The eggs with the cottage cheese smooth. Then add the dry ingredients and stir vigorously with a whisk. When the mixture thickens, knead it briefly by hand until a smooth dough is formed.

Fill frying oil in a medium saucepan approx. 4-5 cm high and heat on a medium heat. (The oil should be between 150 and 160 ° C hot.) If you have a cooking thermometer, can control the great.If necessary, turn with a skimmer. When the quark balls are appetizingly brown all around, lift them out with a slotted spoon and drain on a plate with a kitchen crepe.

When the quark balls have cooled slightly, sprinkle with powdered xylitol to taste and serve. Or refrigerate for later stored in an airtight box.
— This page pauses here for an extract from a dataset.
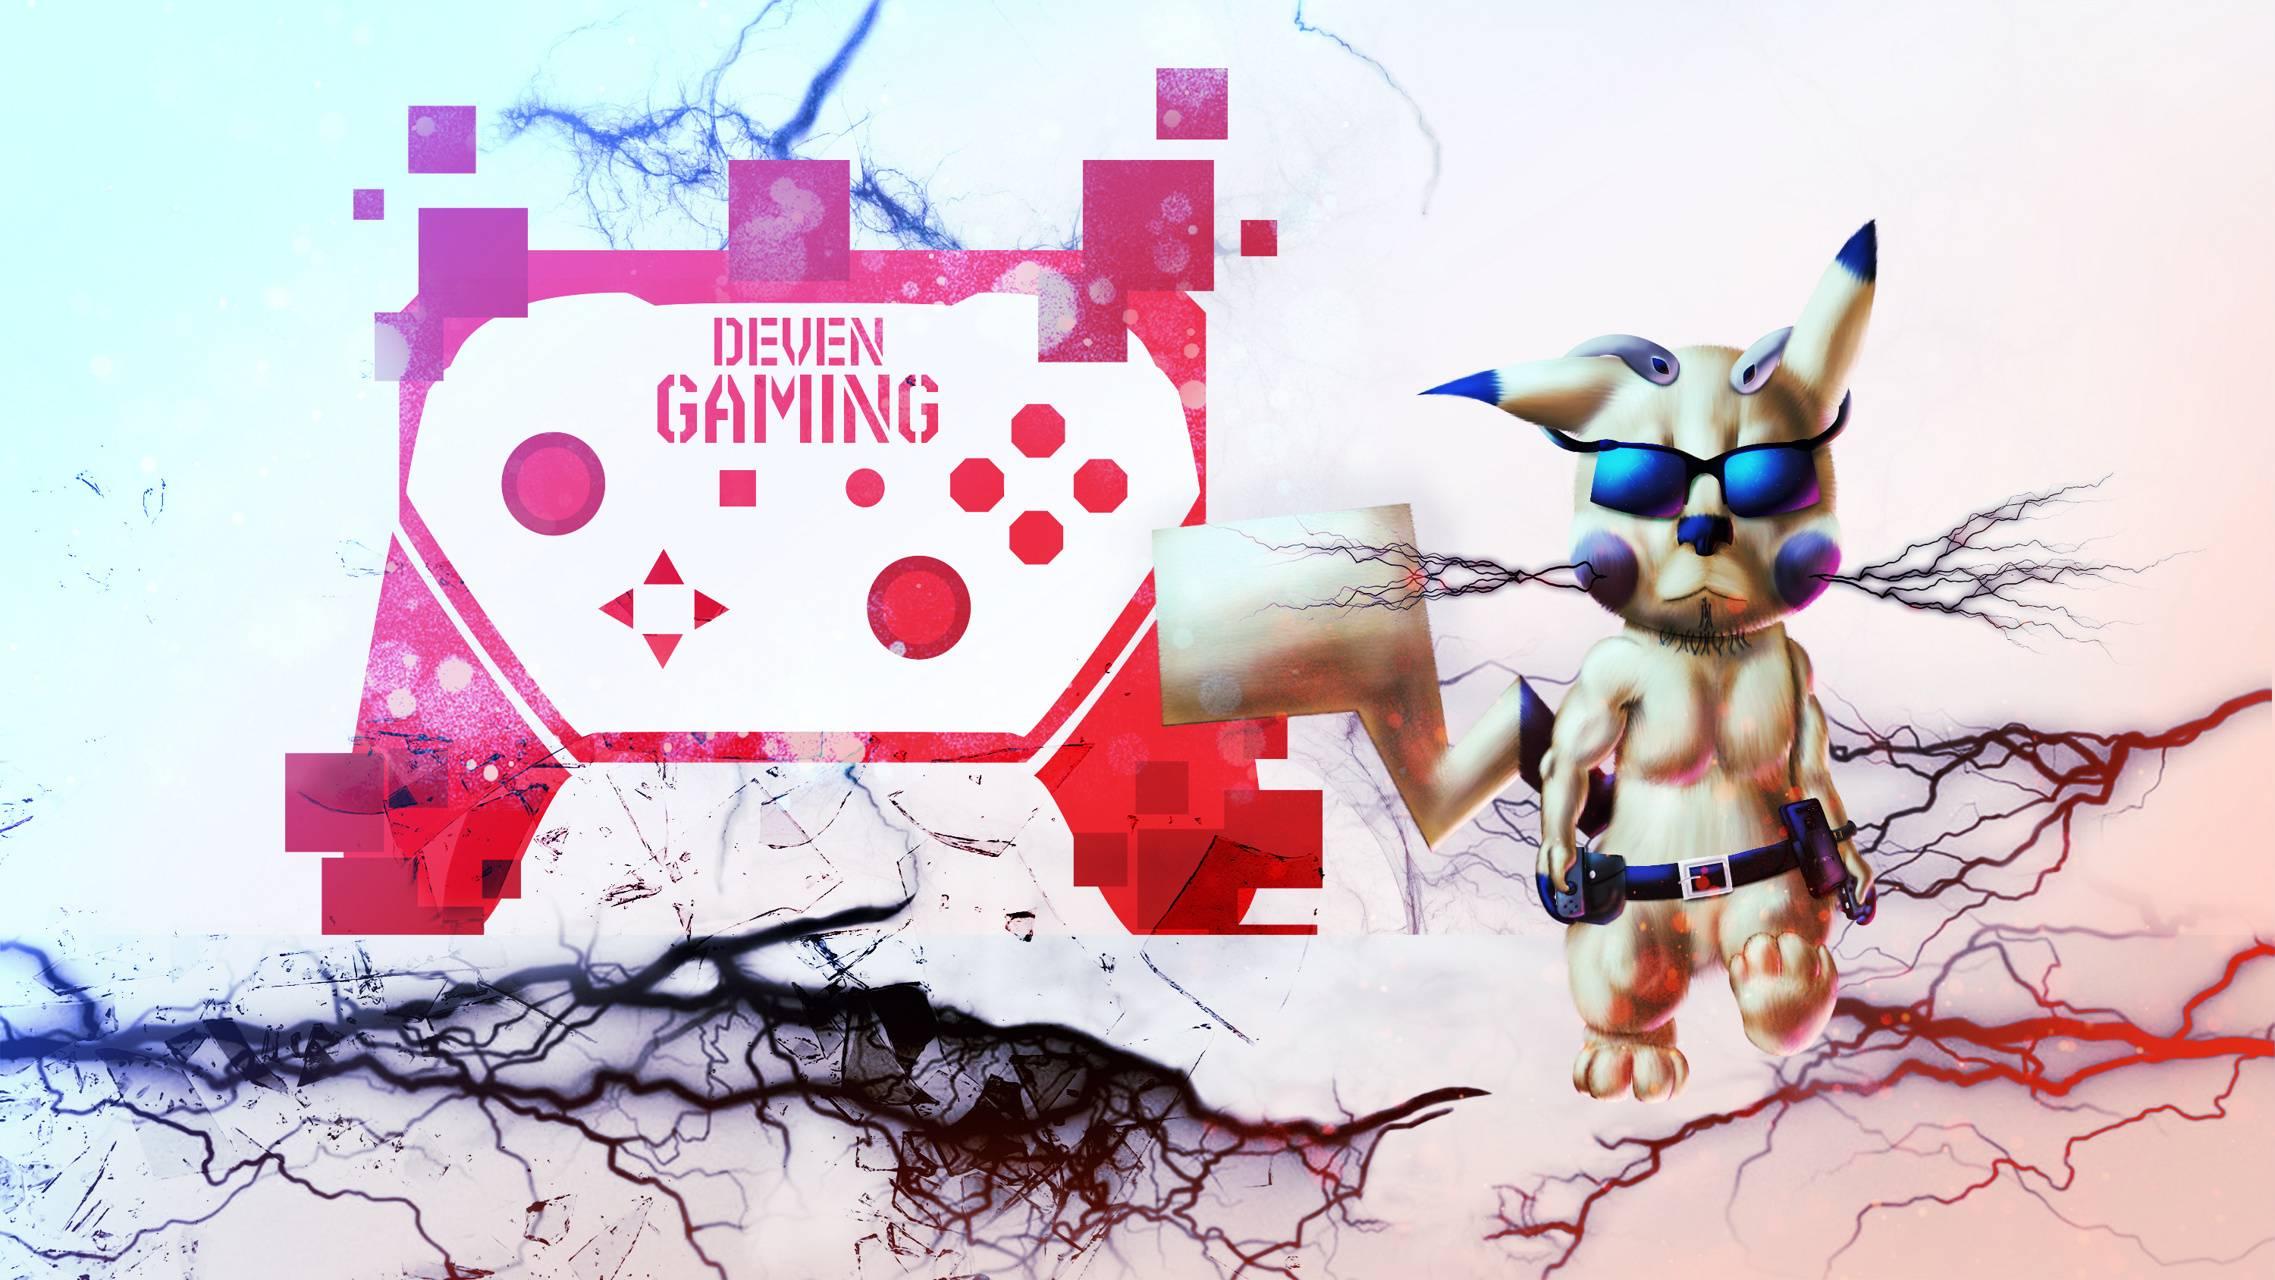 Deven Gaming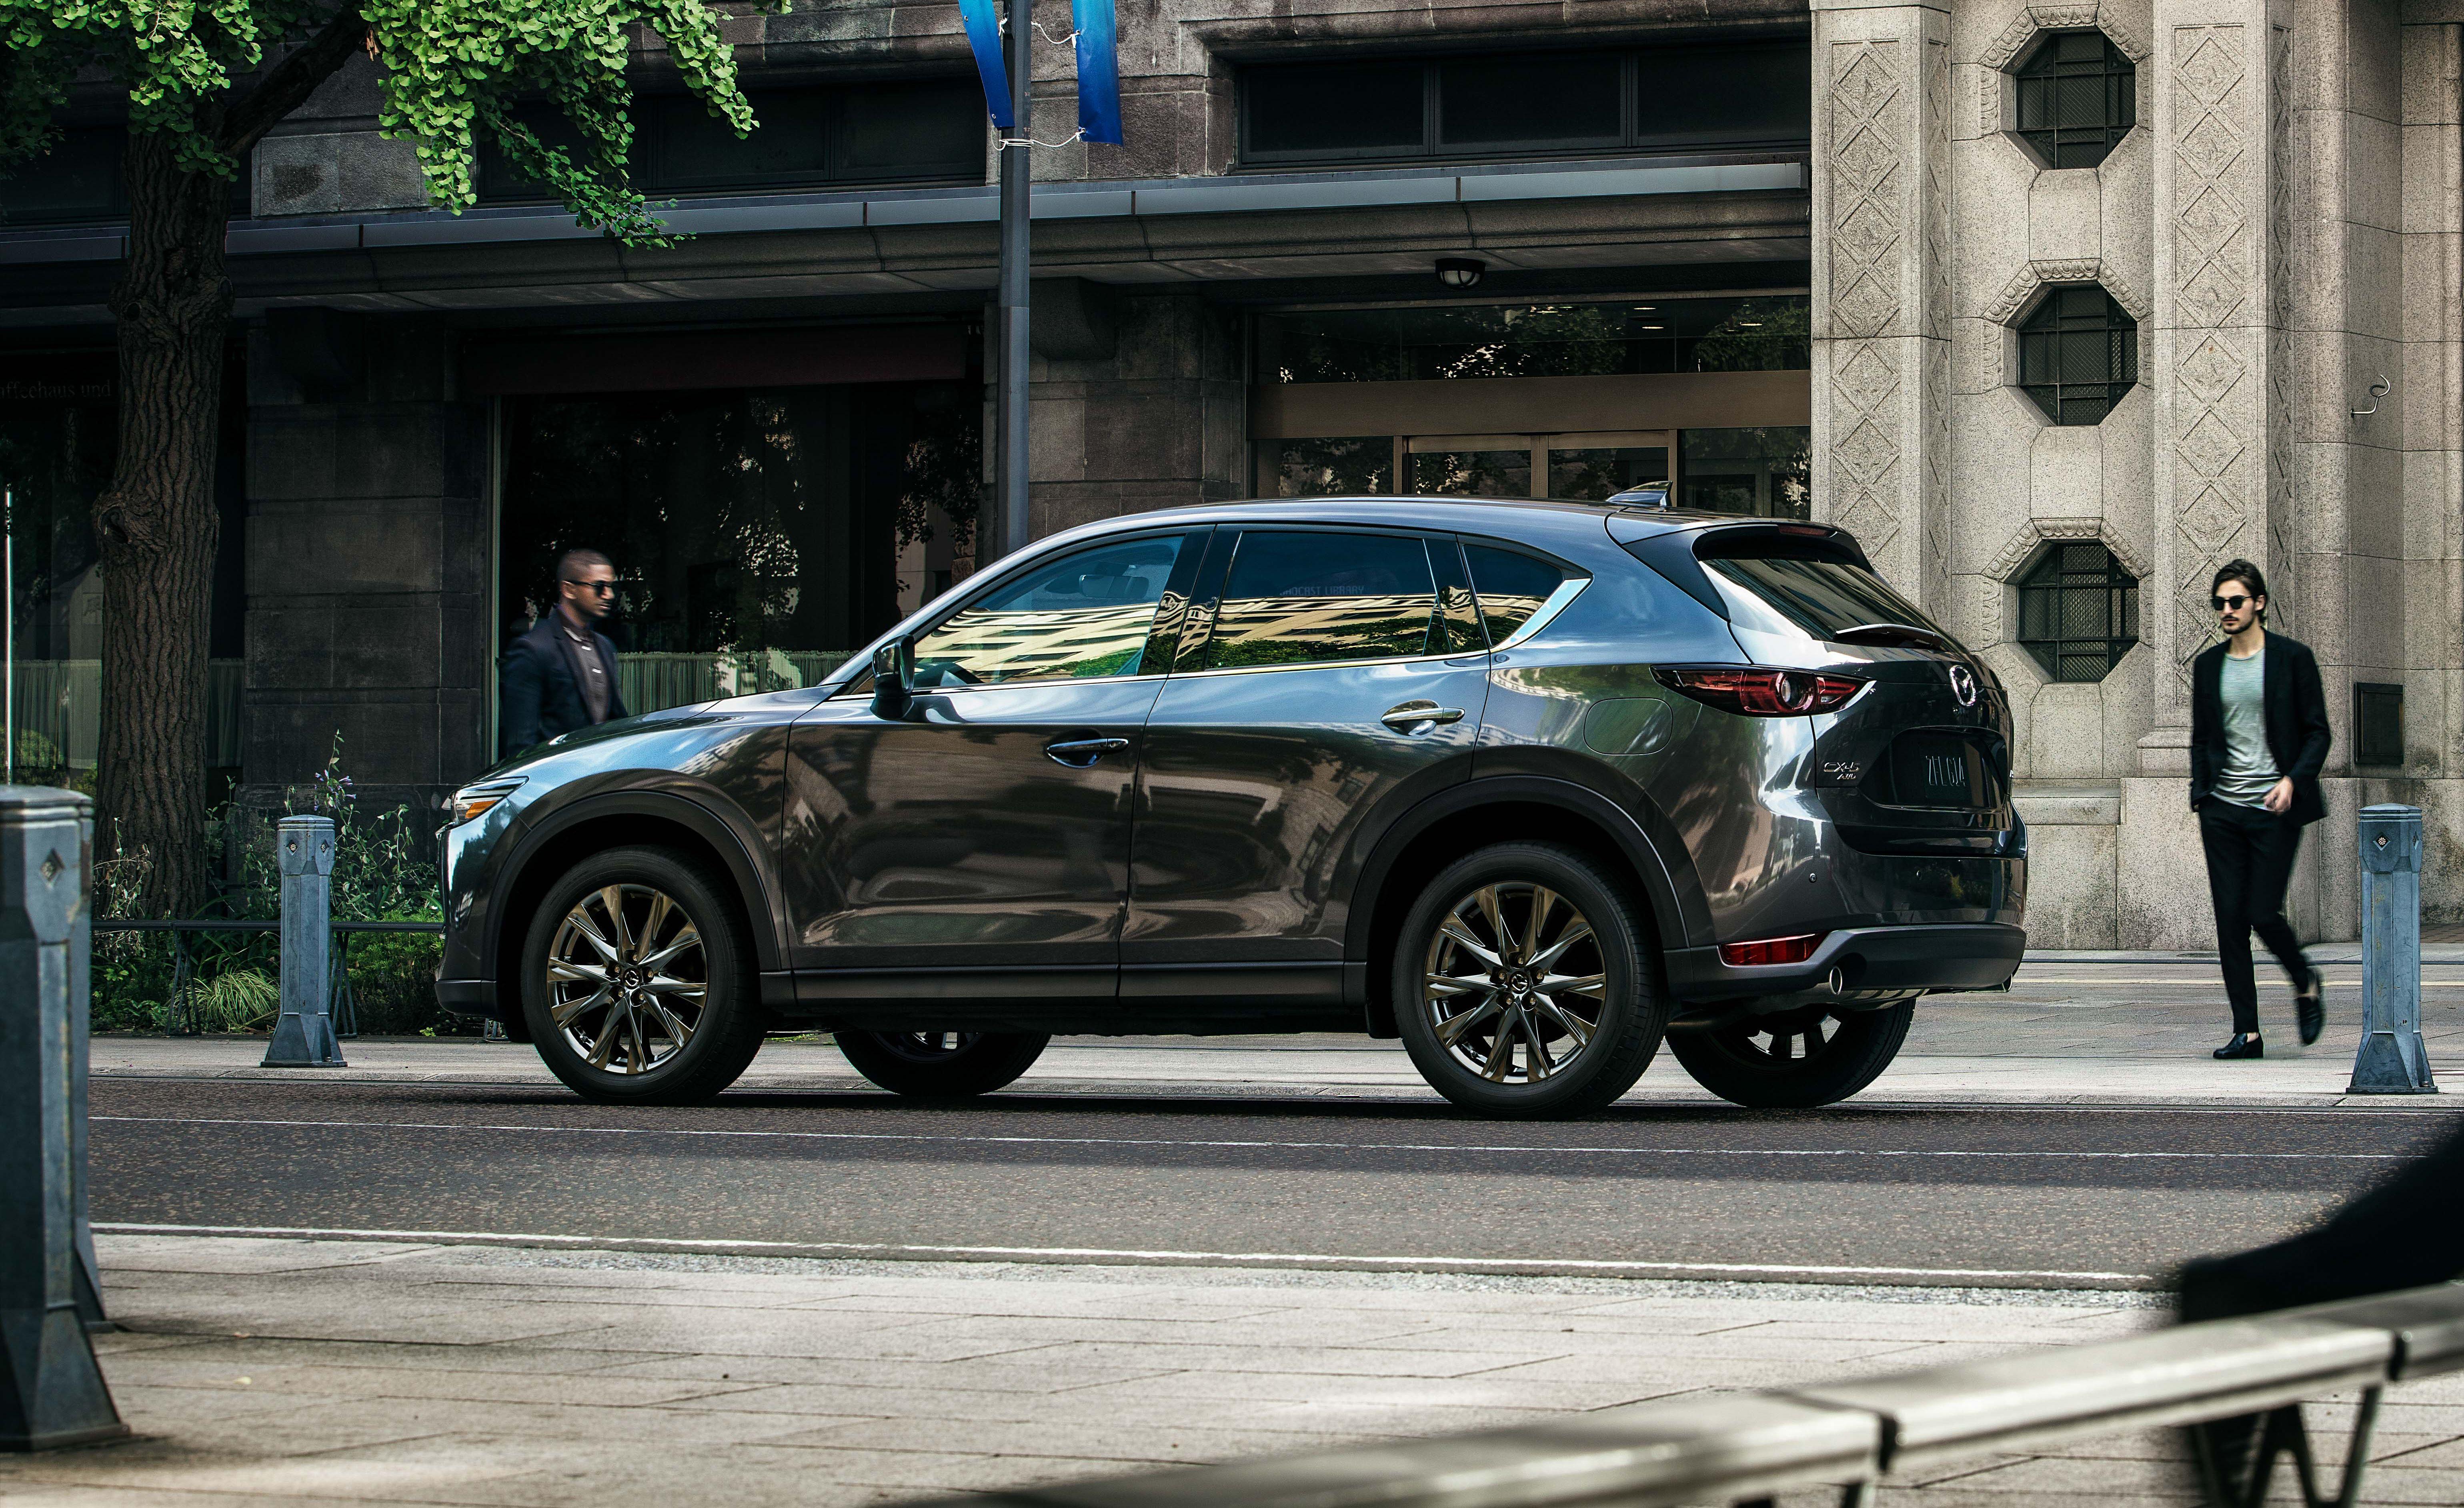 2019 Mazda Cx 5 Fuel Efficient Suv Mazda Suv

Tips: Coconut flour can hold different amounts of fluid depending on the variety and quality. If you want to avoid making the quark balls too dense, first take 50 grams of coconut flour and fry a sample ball. If the consistency pleases, just go ahead. If the balls are thicker, knead the remaining coconut flour under the dough.

I like to use disposable silicone gloves for kneading dough. I then let it fry at the same time - silicone insulates and protects the hands against any possible splatters.